# Exercise brief
The whole listing below should be printed again exactly, with no images.

# Given information
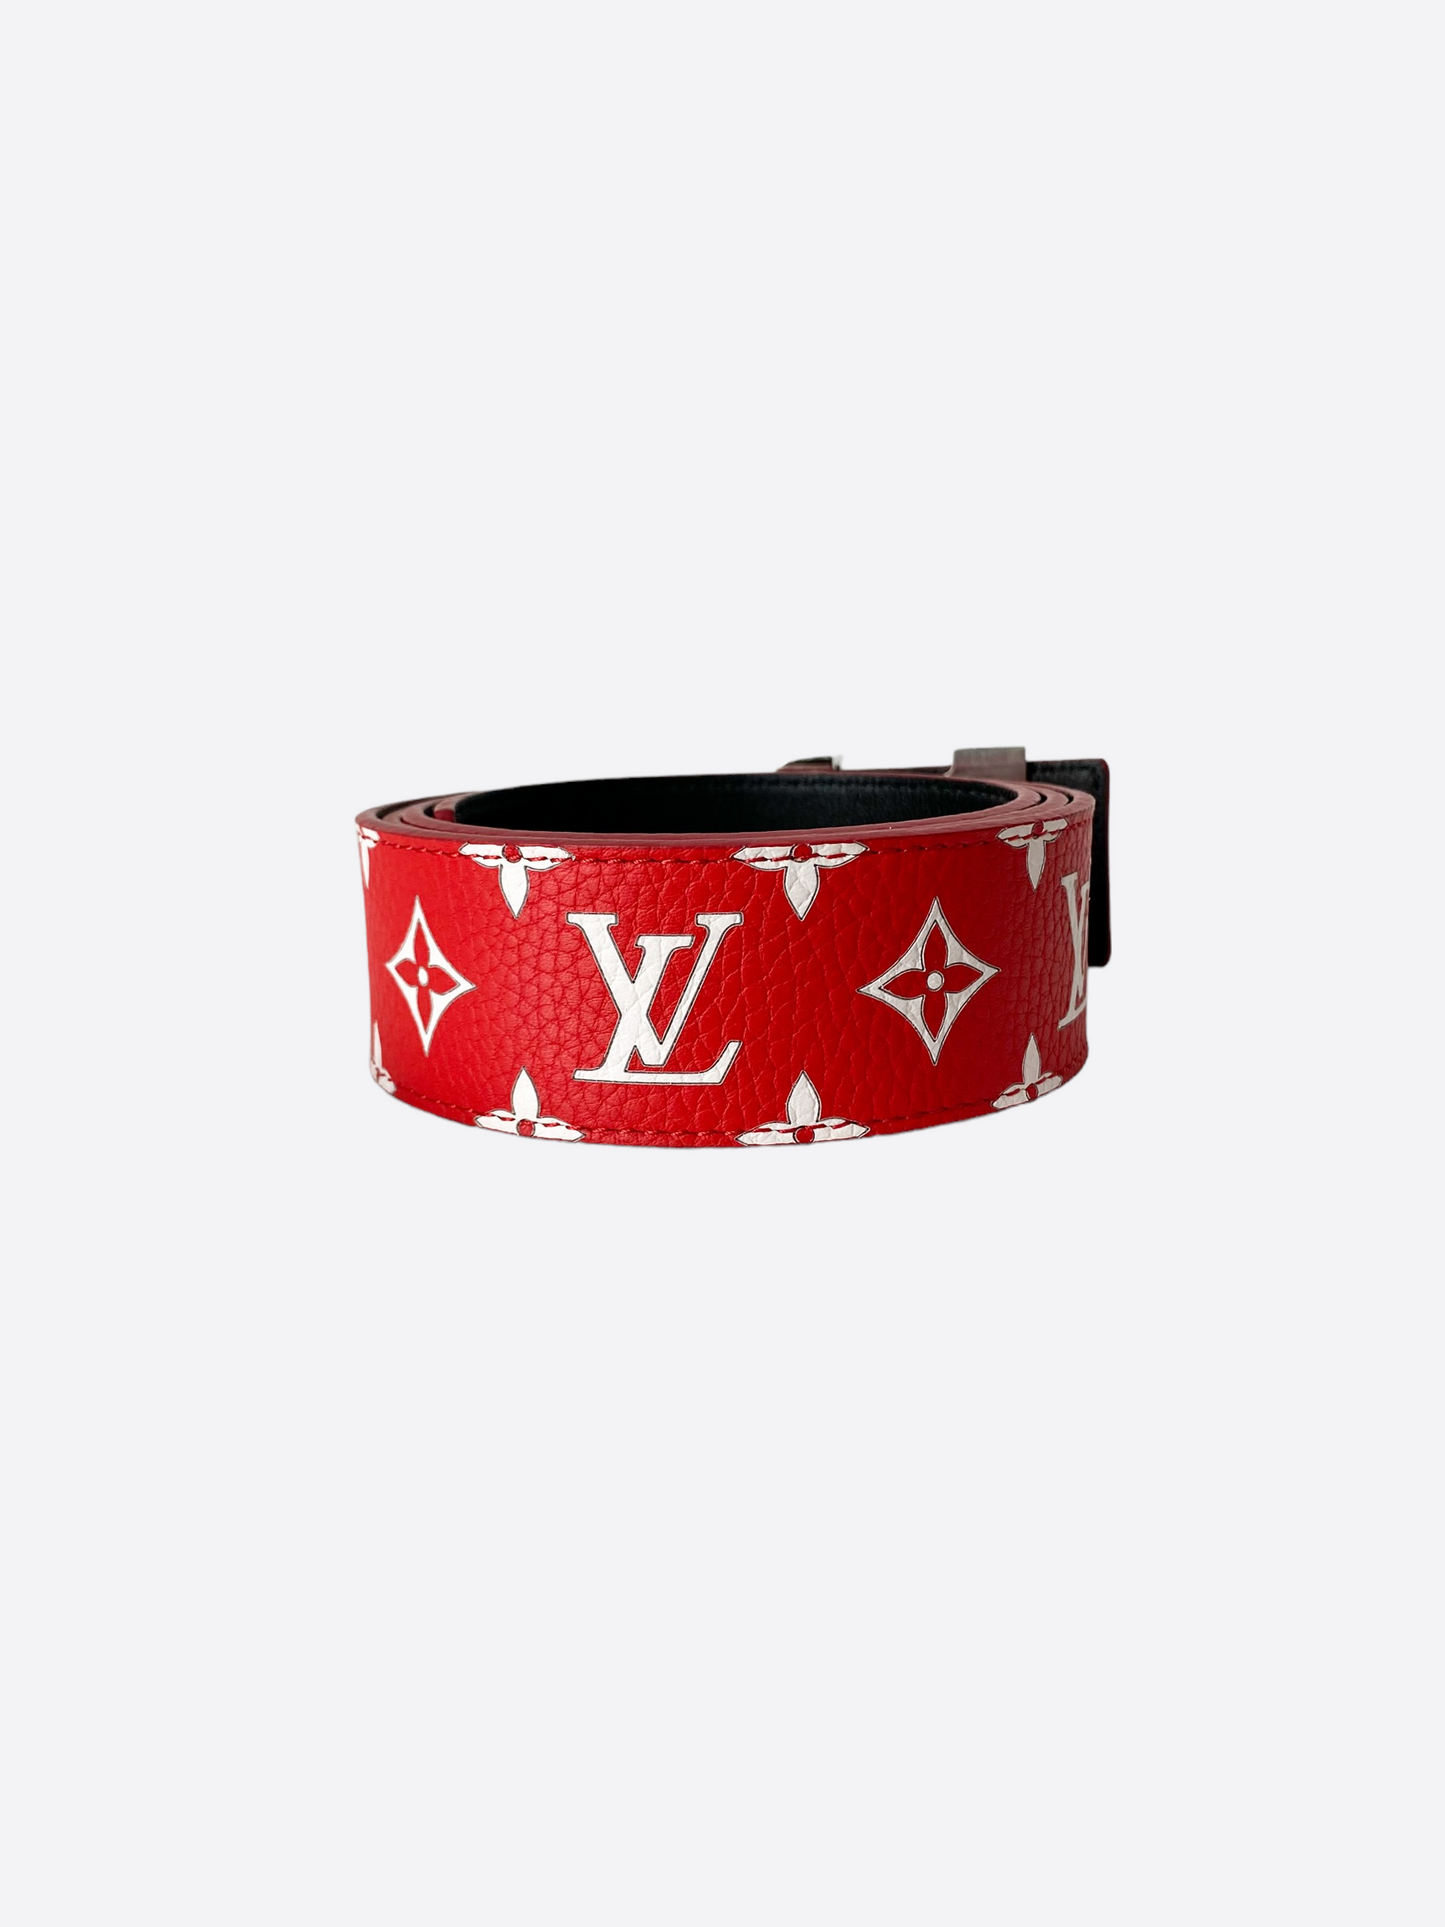 Louis Vuitton x Supreme Red Belt Sz 95 New With Receipt/Box
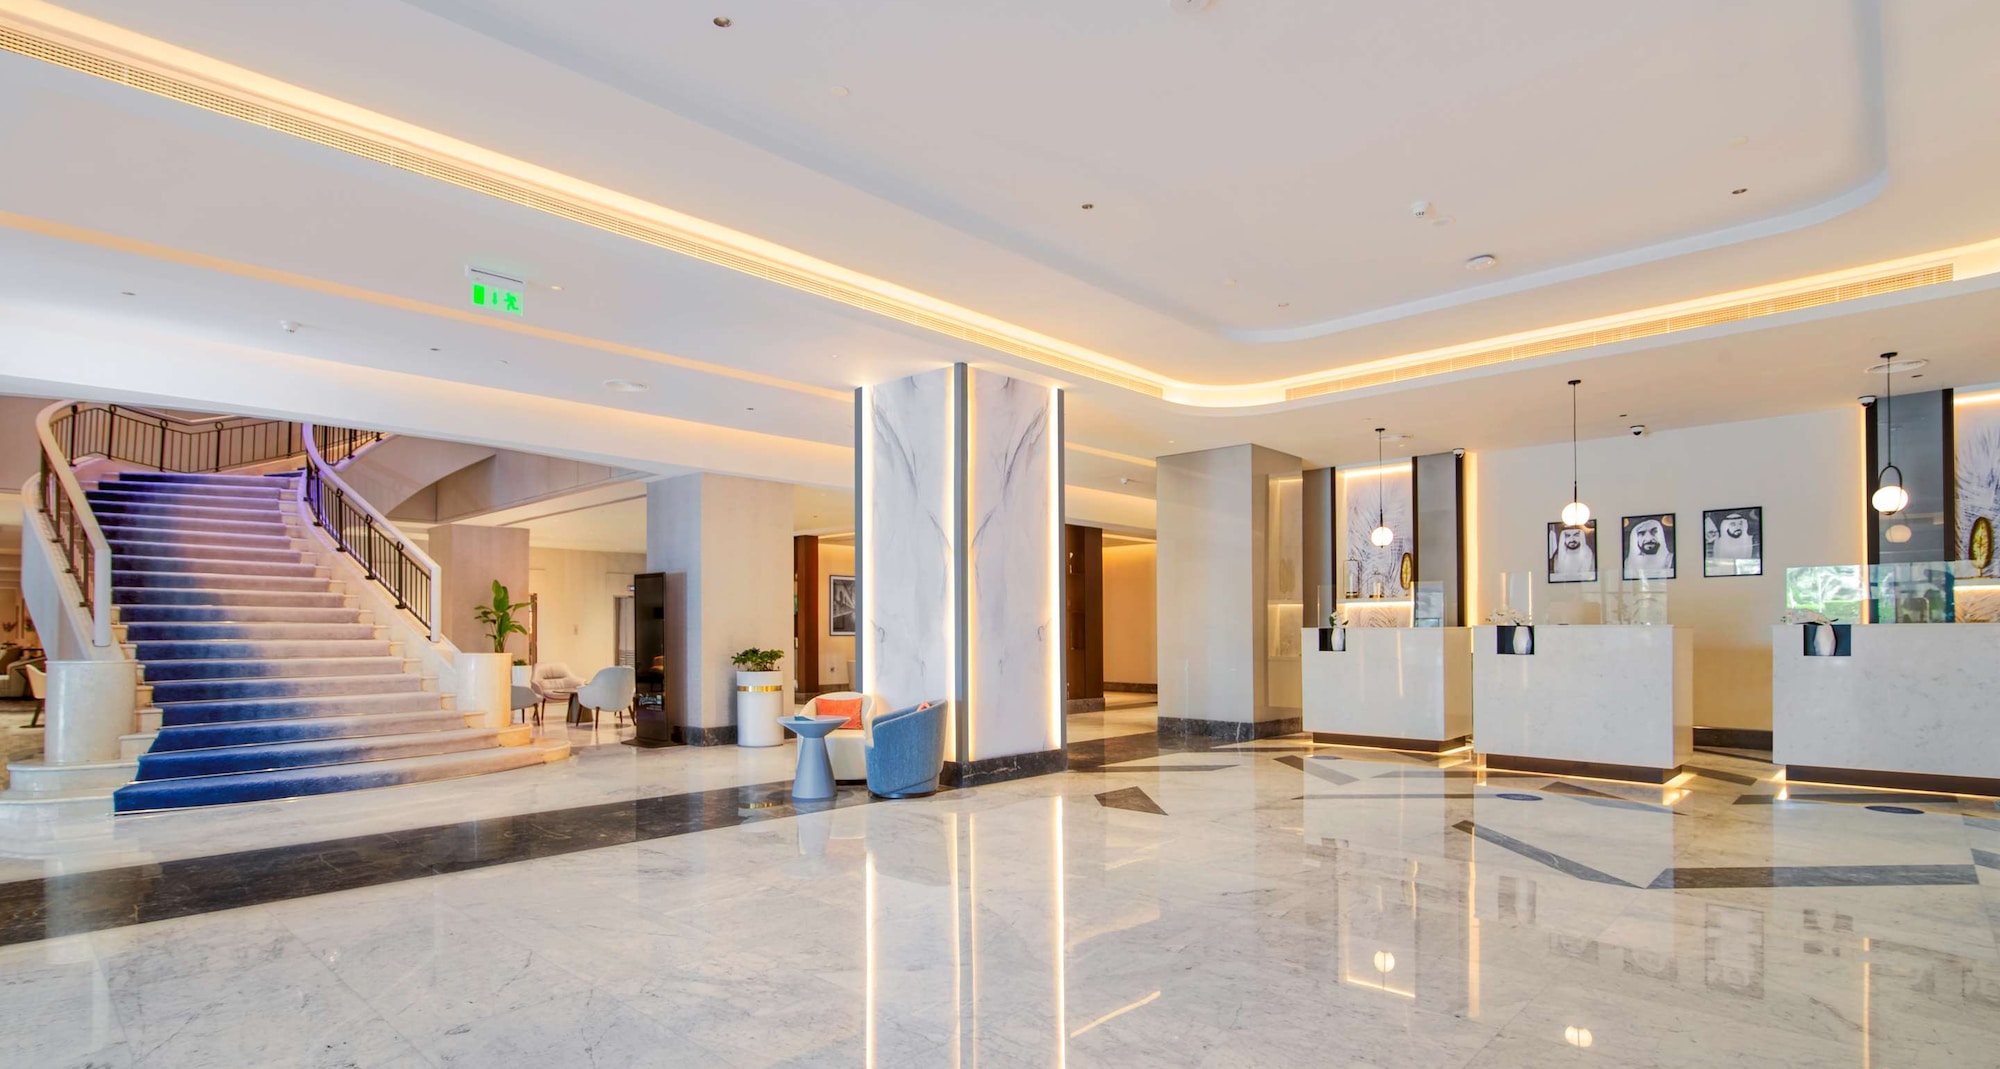 Radisson Blu Hotel & Resort, Abu Dhabi Corniche Lobby
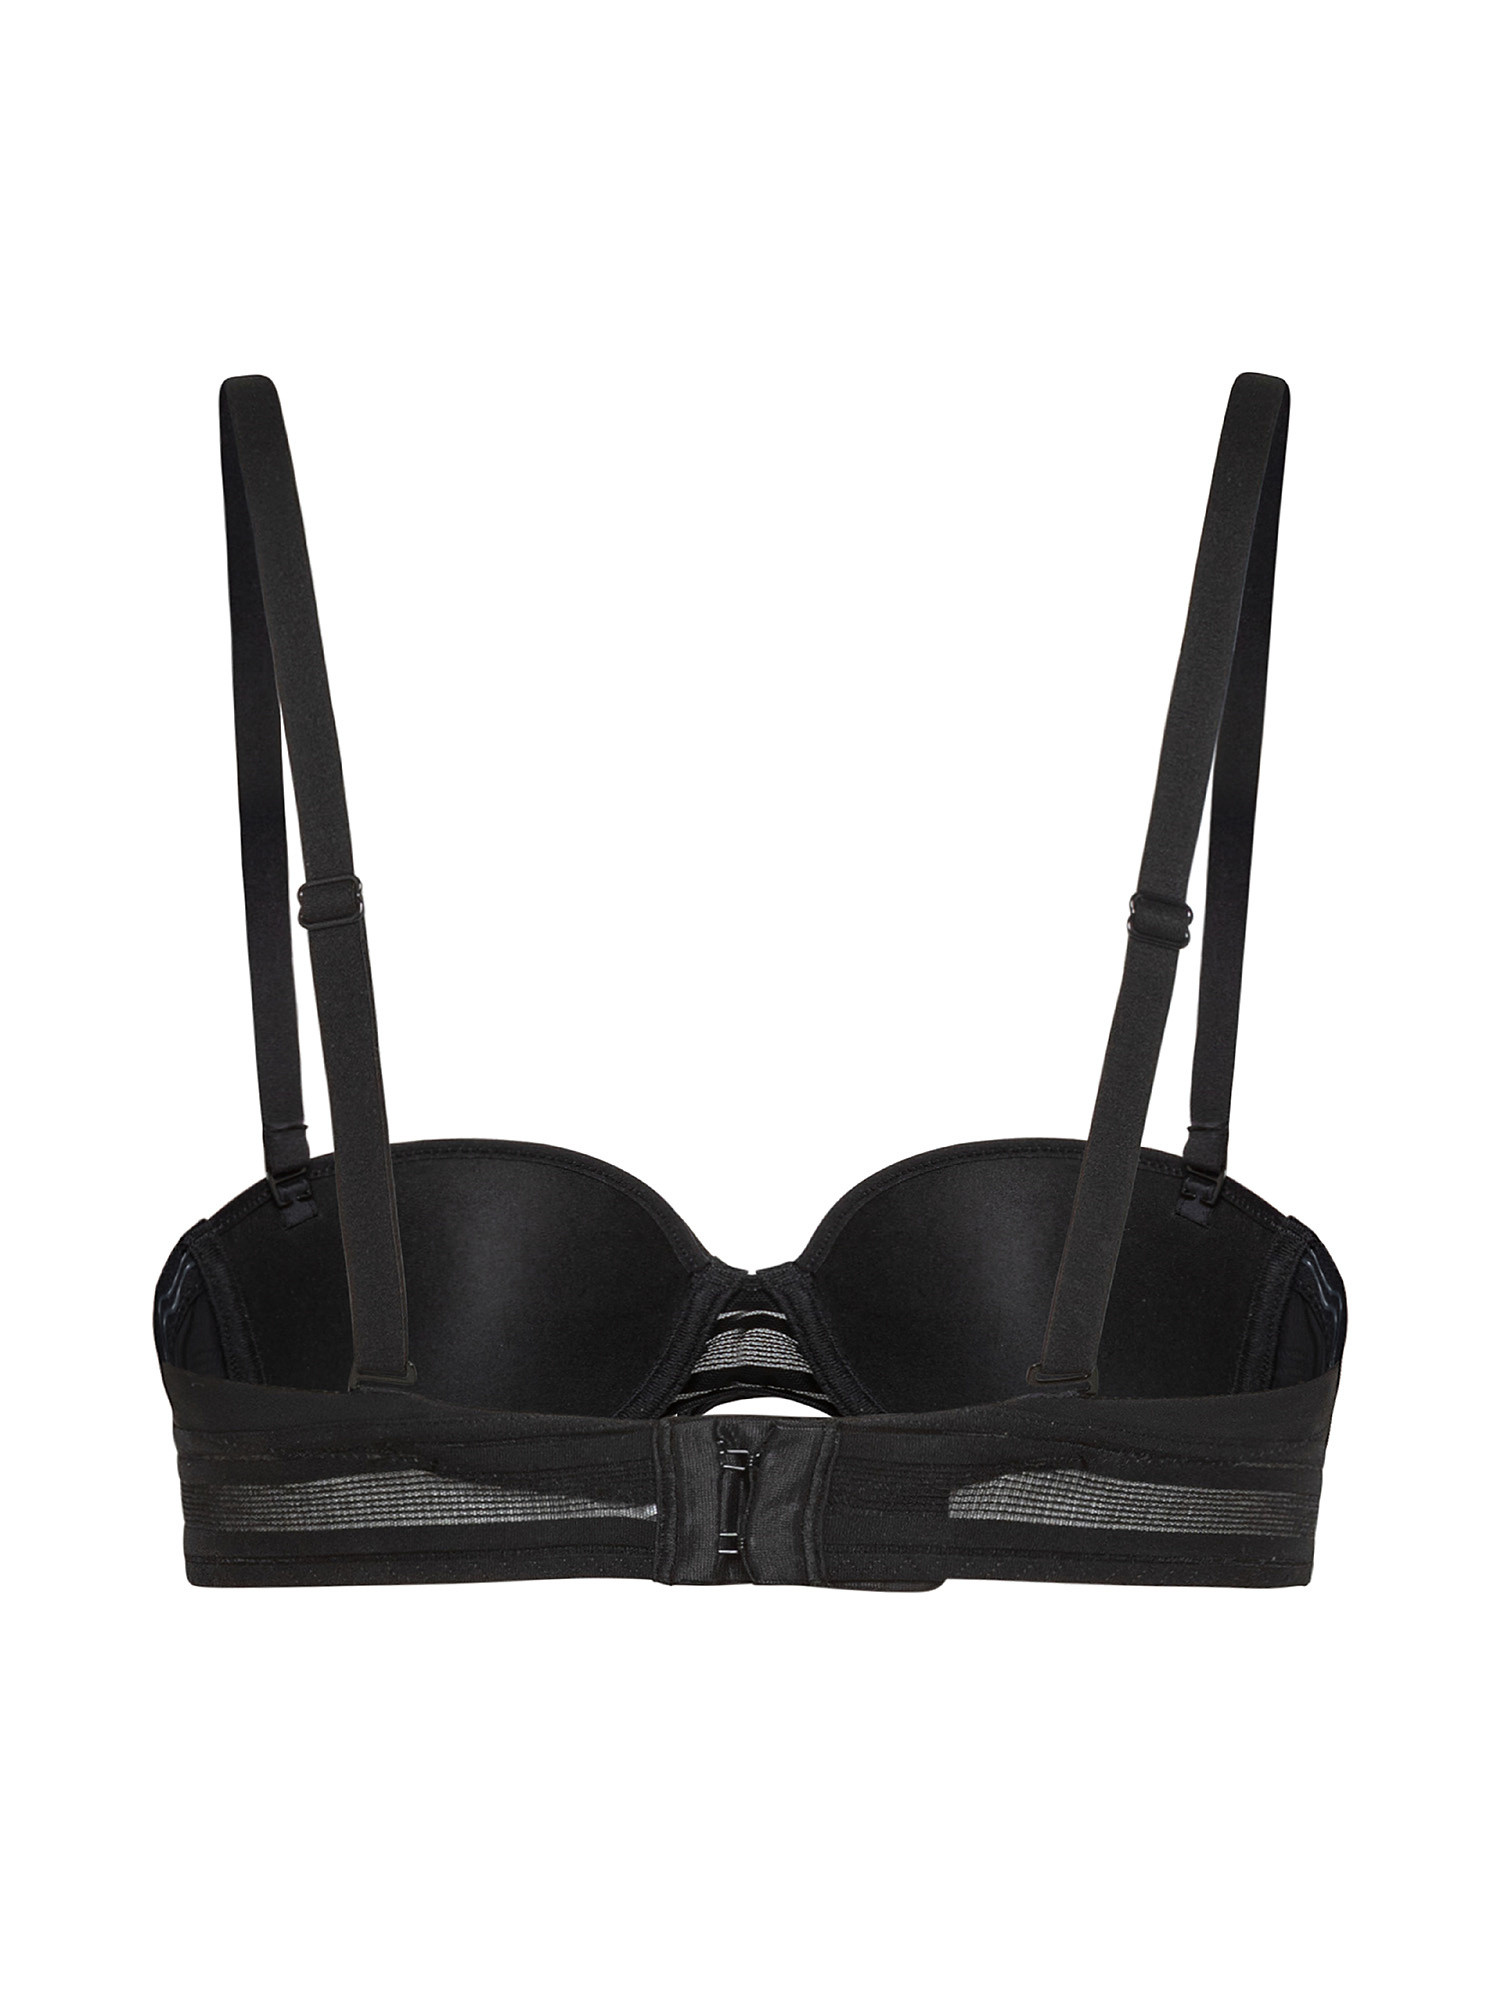 Bandeau bra with removable straps, Black, large image number 1

# Solution to this exercise
 Louis Vuitton x Supreme Red Belt Sz 95 New With Receipt/Box
 Radisson Blu Hotel & Resort, Abu Dhabi Corniche Lobby
 Bandeau bra with removable straps, Black, large image number 1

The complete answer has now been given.